*What you have to do*.
Below are the records; extract from them the line containing "1 за снежком загородки смещений" to the line containing "PKA Solves hosts a virtual event", both lines included, exactly and with no pictures.
***** Records
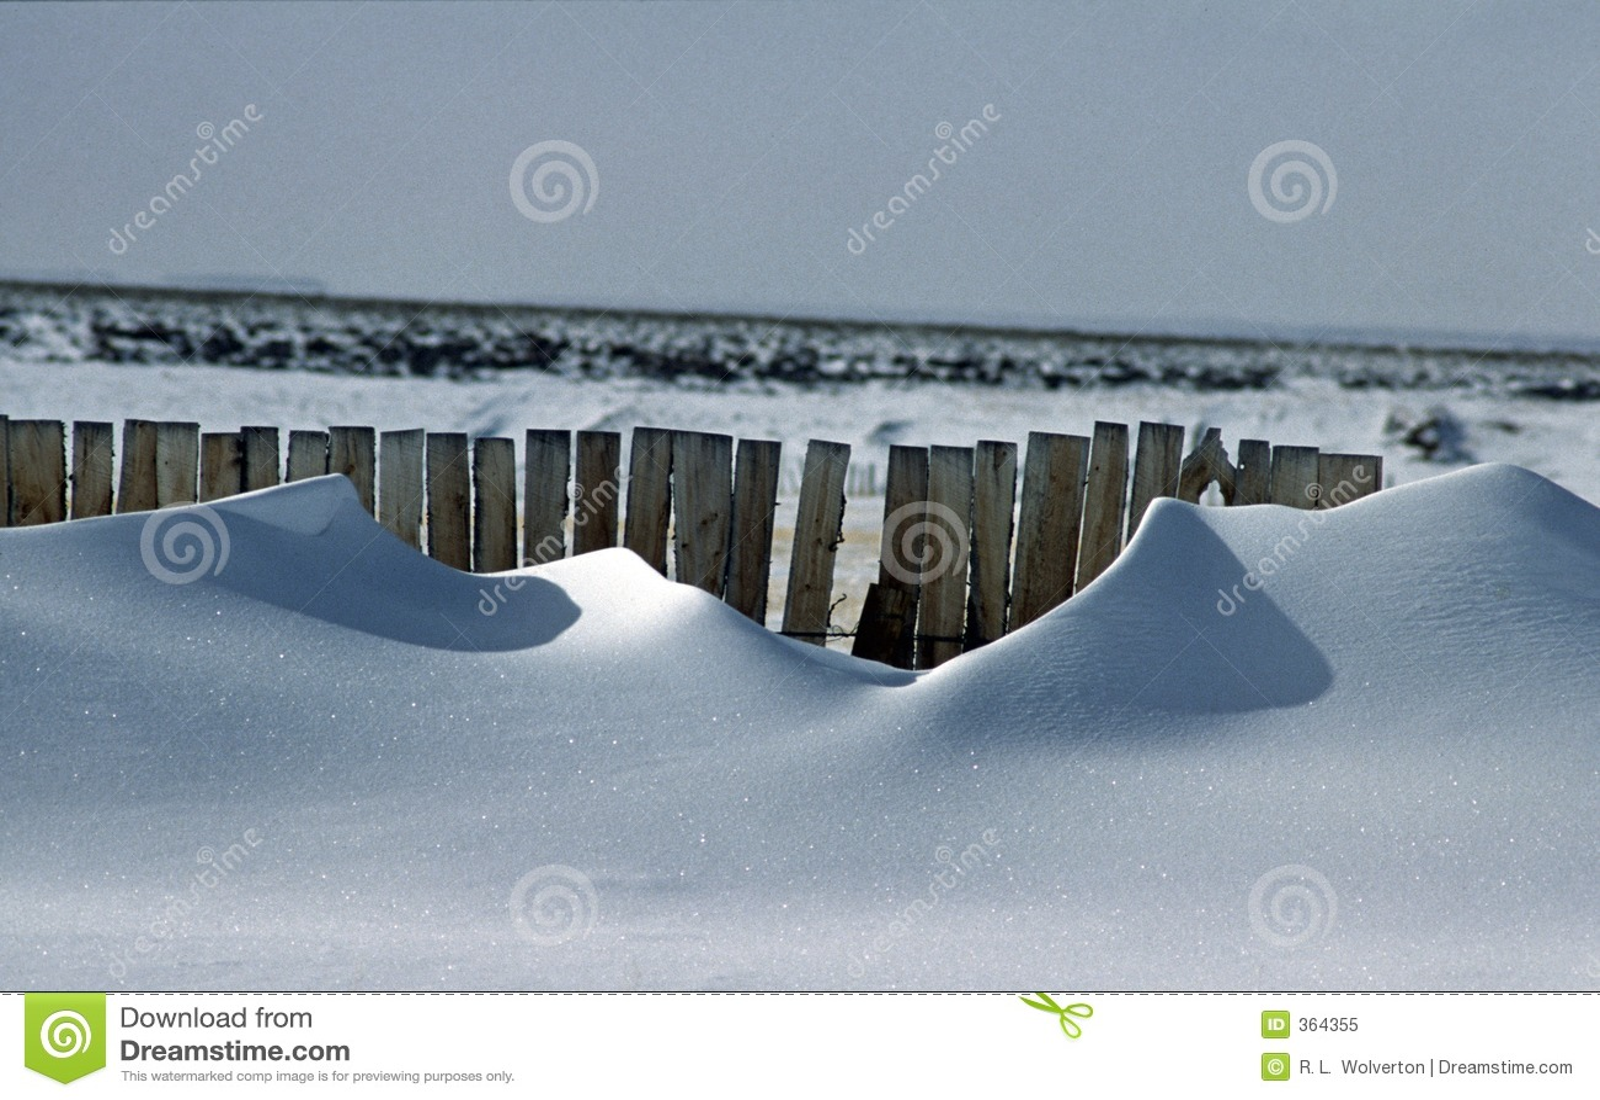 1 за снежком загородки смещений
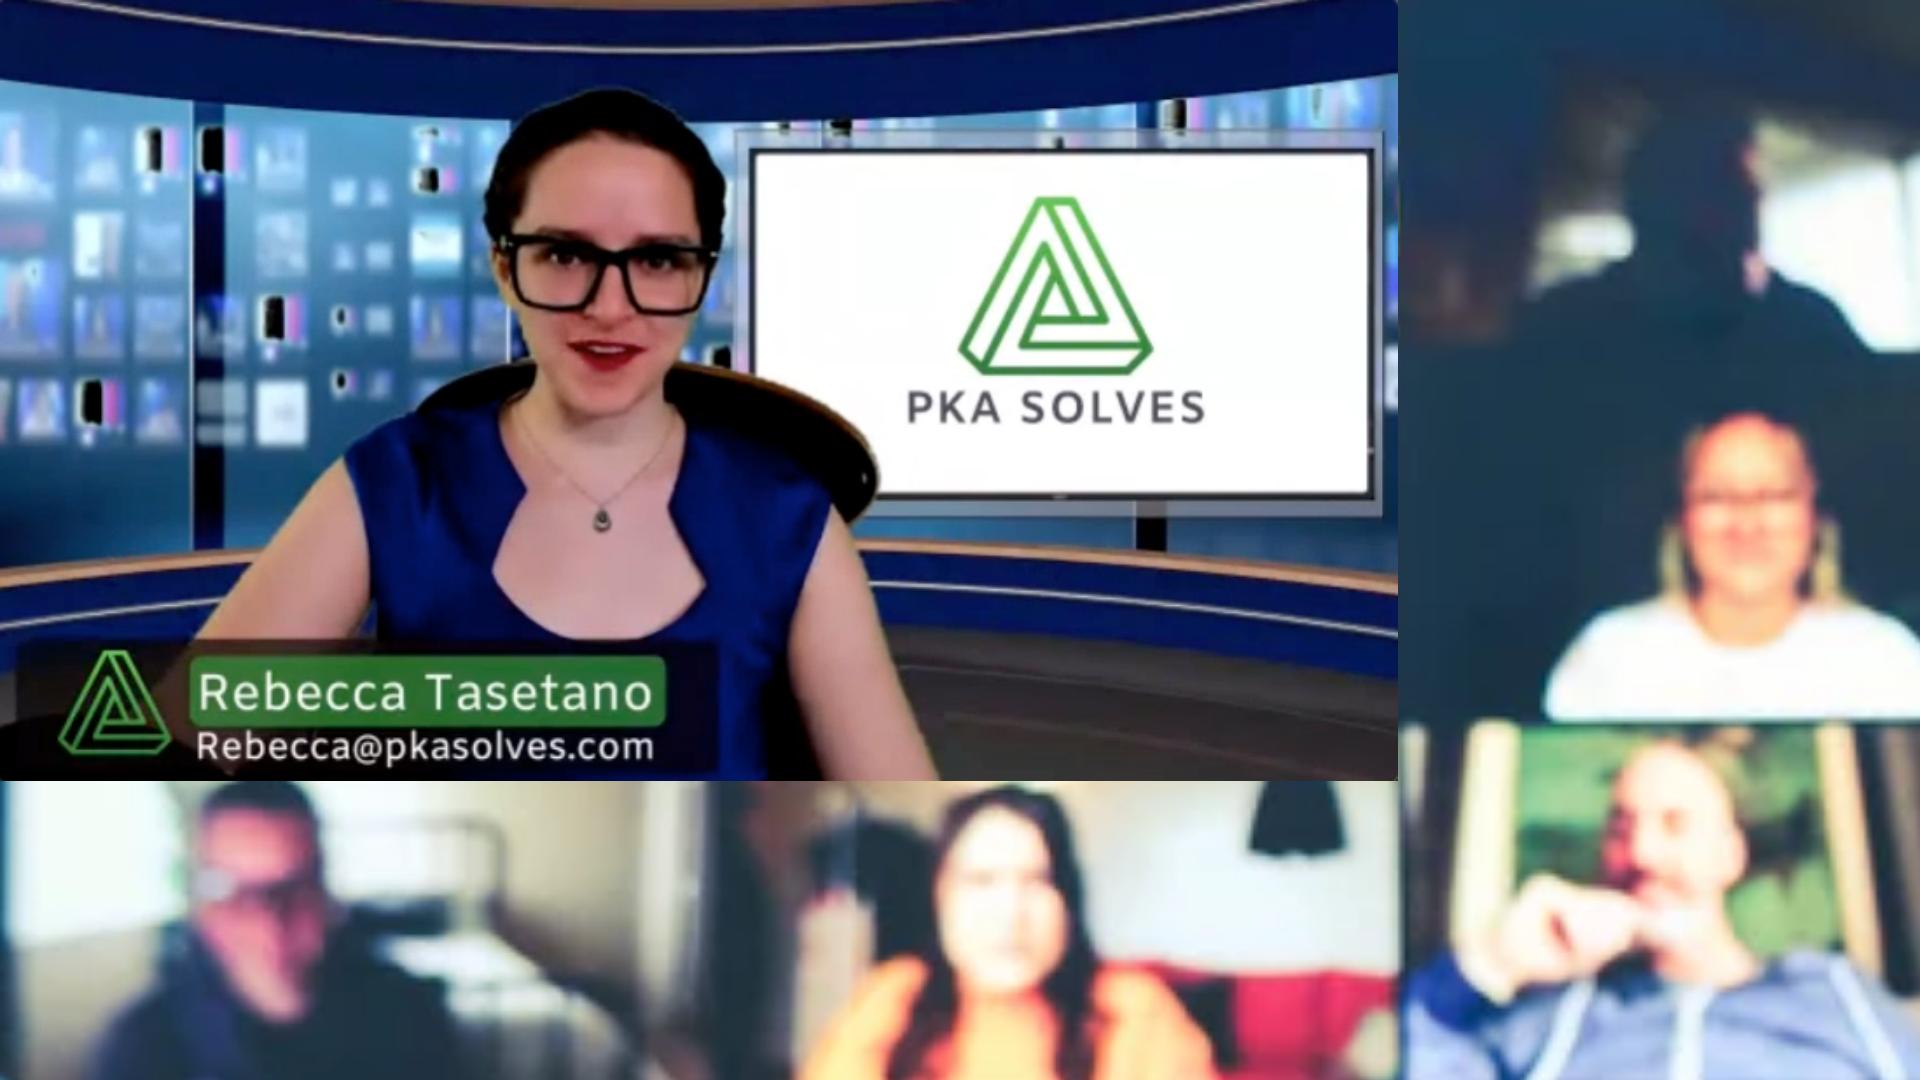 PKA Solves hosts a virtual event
**********
***** Records
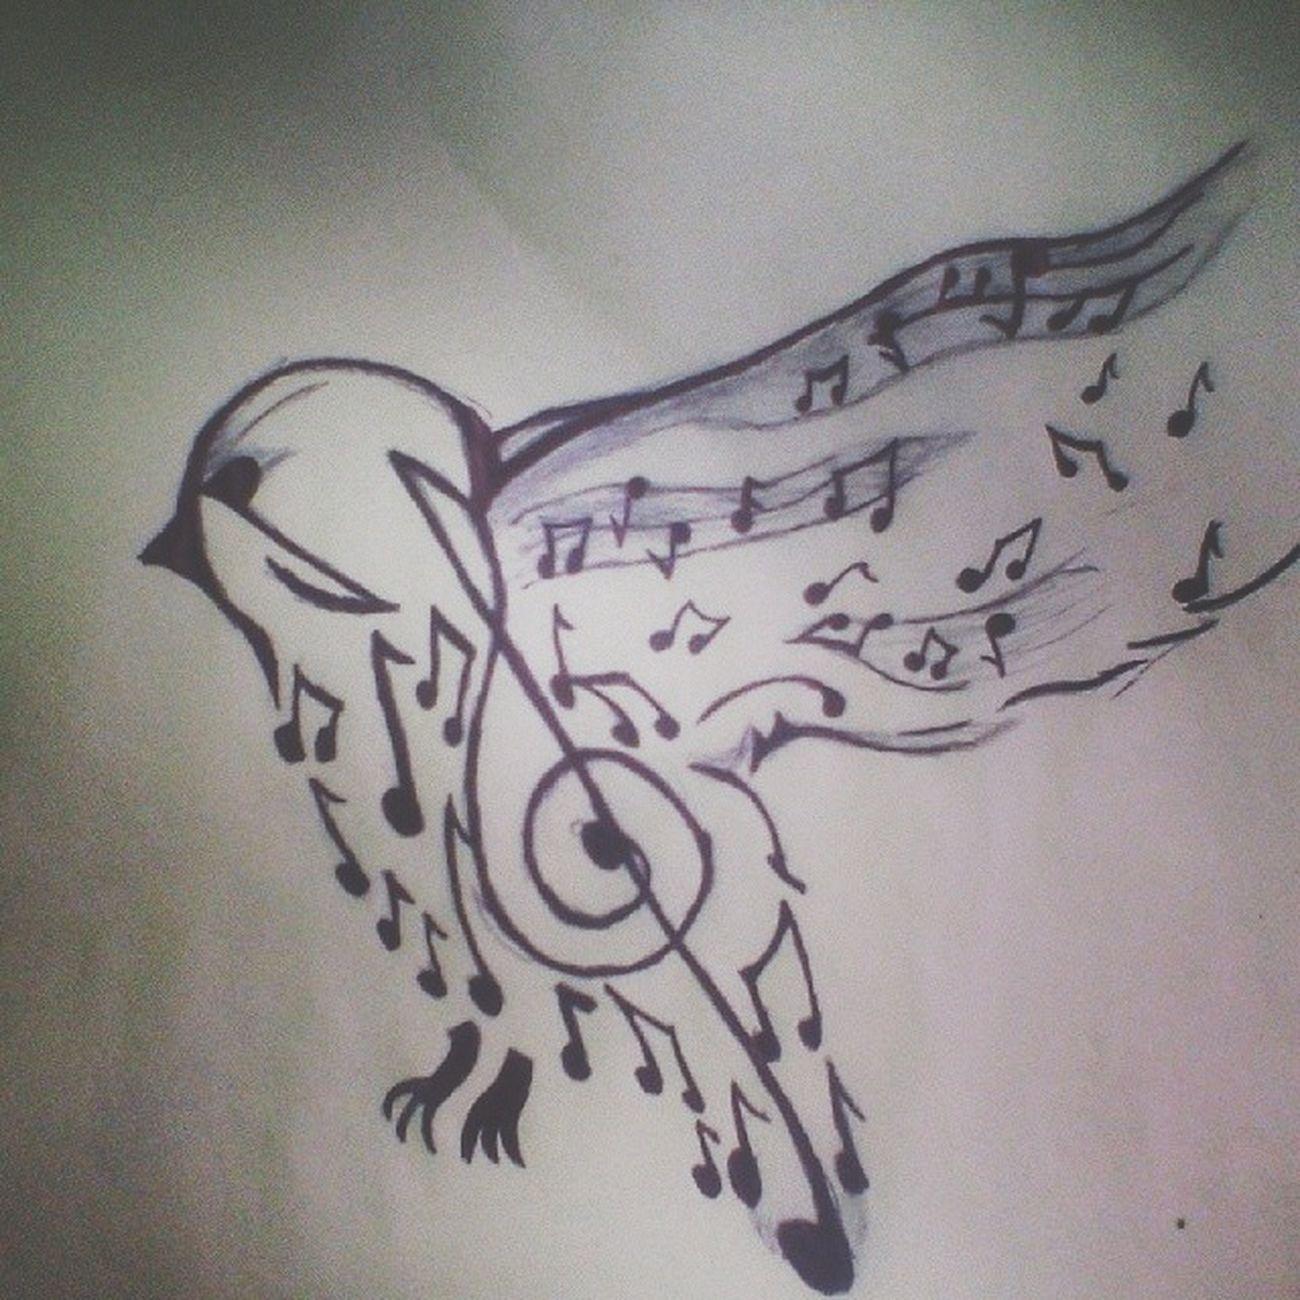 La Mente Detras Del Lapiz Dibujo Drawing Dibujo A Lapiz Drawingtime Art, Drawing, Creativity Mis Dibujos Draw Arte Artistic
**********
*Written solution*.
 1 за снежком загородки смещений
 PKA Solves hosts a virtual event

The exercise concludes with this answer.